Marriage & Family Budapest, Hungary 1 min read 191 words

What Nobody Tells You About Muslim Marriage

Our first year nearly ended because of biryani. What saved us was an imam who understood setting boundaries.

It sounds absurd. It was absurd. But the biryani was never really about money.

Yusuf's mother-in-law had a weekly family dinner. When we married, the expectation was that I would prioritise their family. When I did things differently, the comments started.

What saved us was an imam who understood marriage counselling. He made us list every unspoken expectation. Yusuf's list was 13 items long. Mine was 18. We'd married each other but expected to live in our parents' marriages.

The Quran says spouses are garments for one another — they cover, protect, and complement. We weren't garments. We were polite acquaintances.

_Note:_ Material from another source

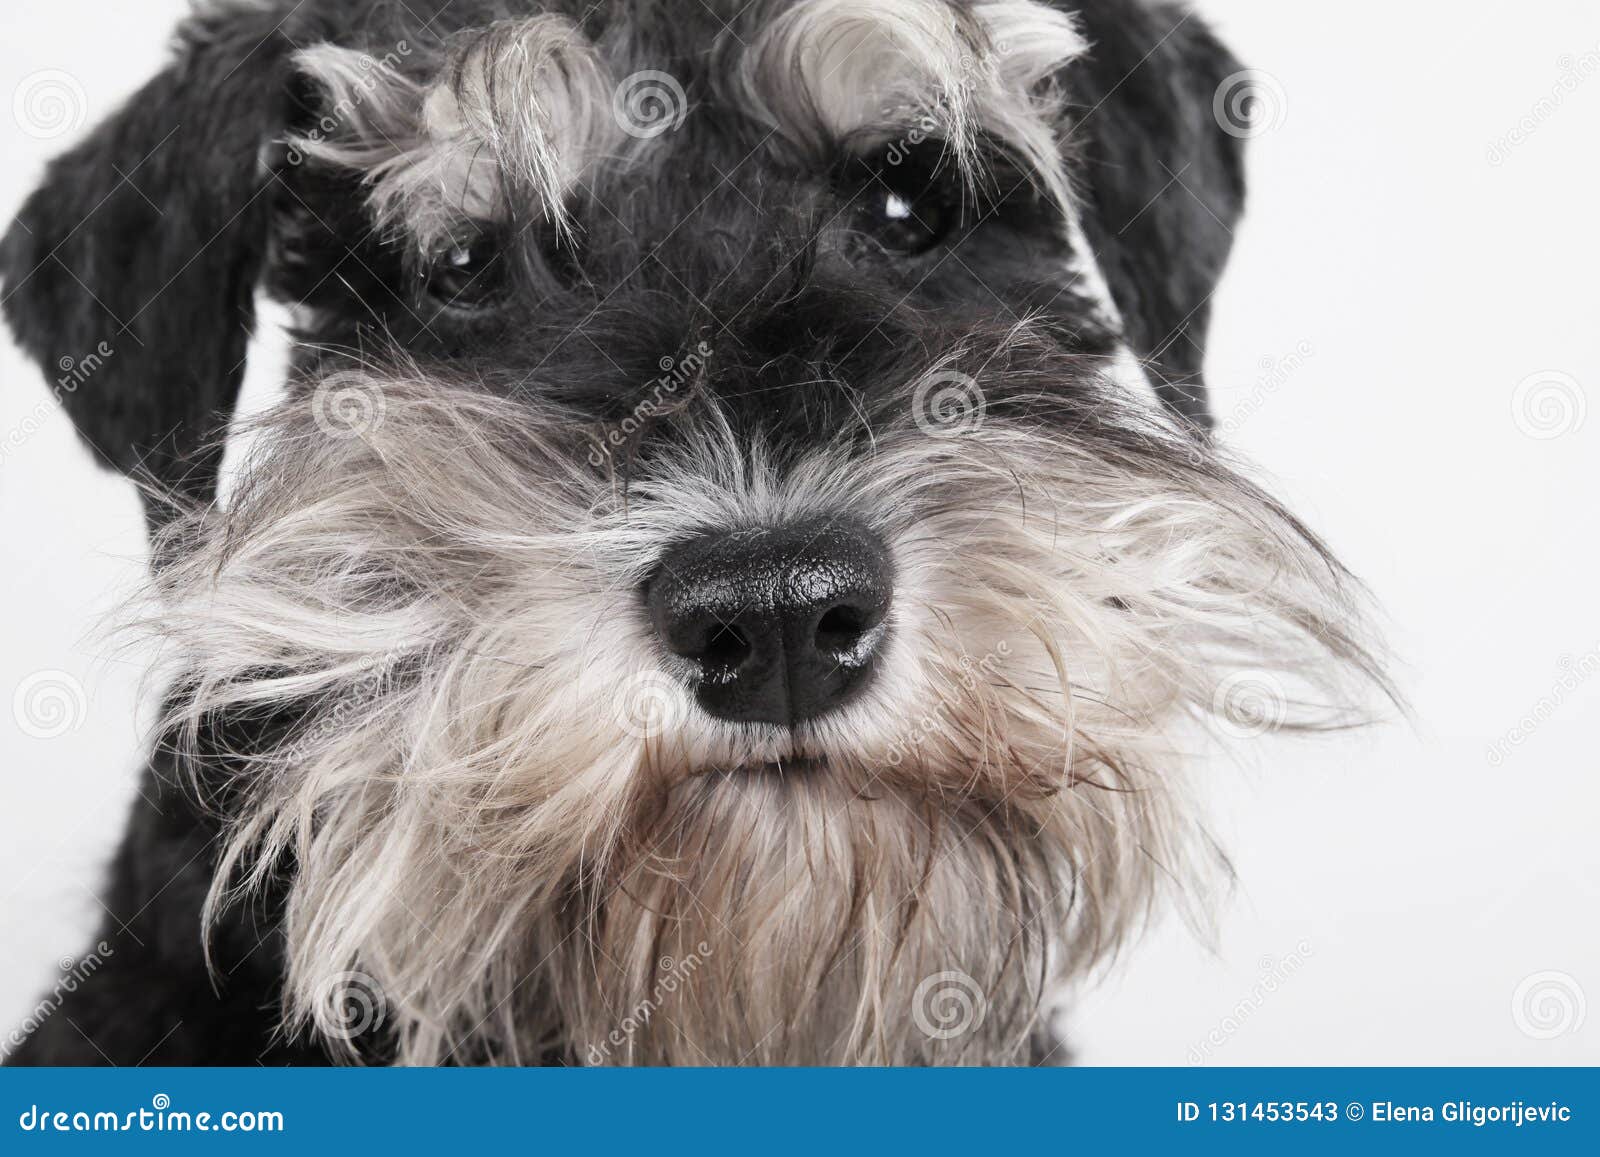 Miniature Schnauzer Puppy Dog On White Background Stock Image Image Of Breed Adorable 131453543
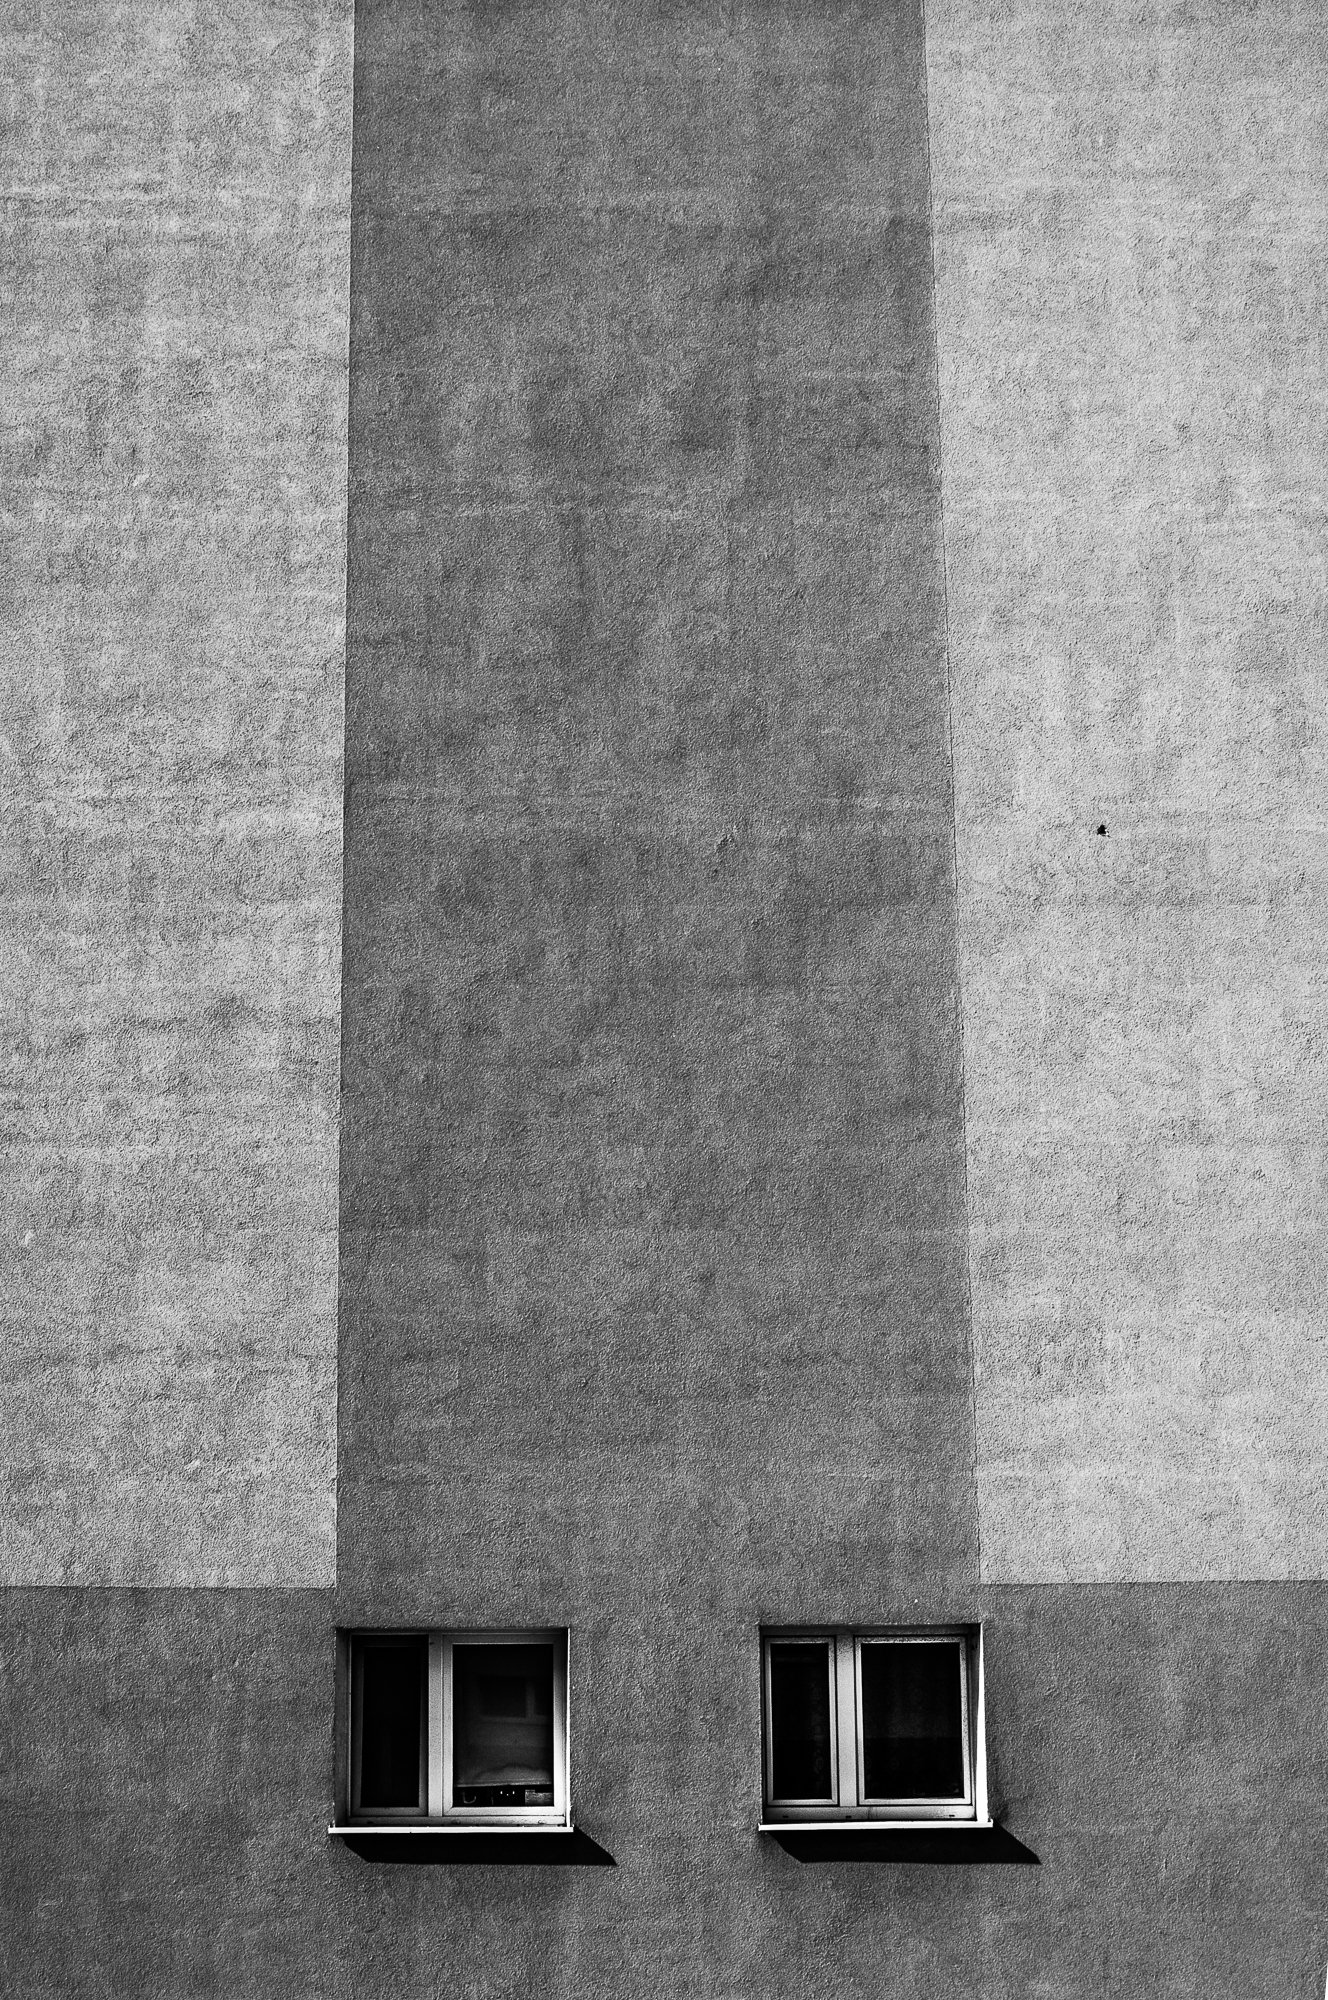 Adam Mazek Photography. Warsaw 2017. Perspective. Minimalism. The Wall.

It took two years of honest, painful conversations. Of learning that compromise doesn't mean surrender. Of understanding that my Egyptian traditions and Malaysian traditions could coexist in the same kitchen.

We've been married 5 years now. We found our own rhythm. We still disagree about the thermostat. But we do the dishes together.

Nobody tells you that marriage isn't about finding the right person. It's about becoming the right person. Every single day. Over and over. With patience, with prayer, and occasionally with raised voices that eventually soften into laughter.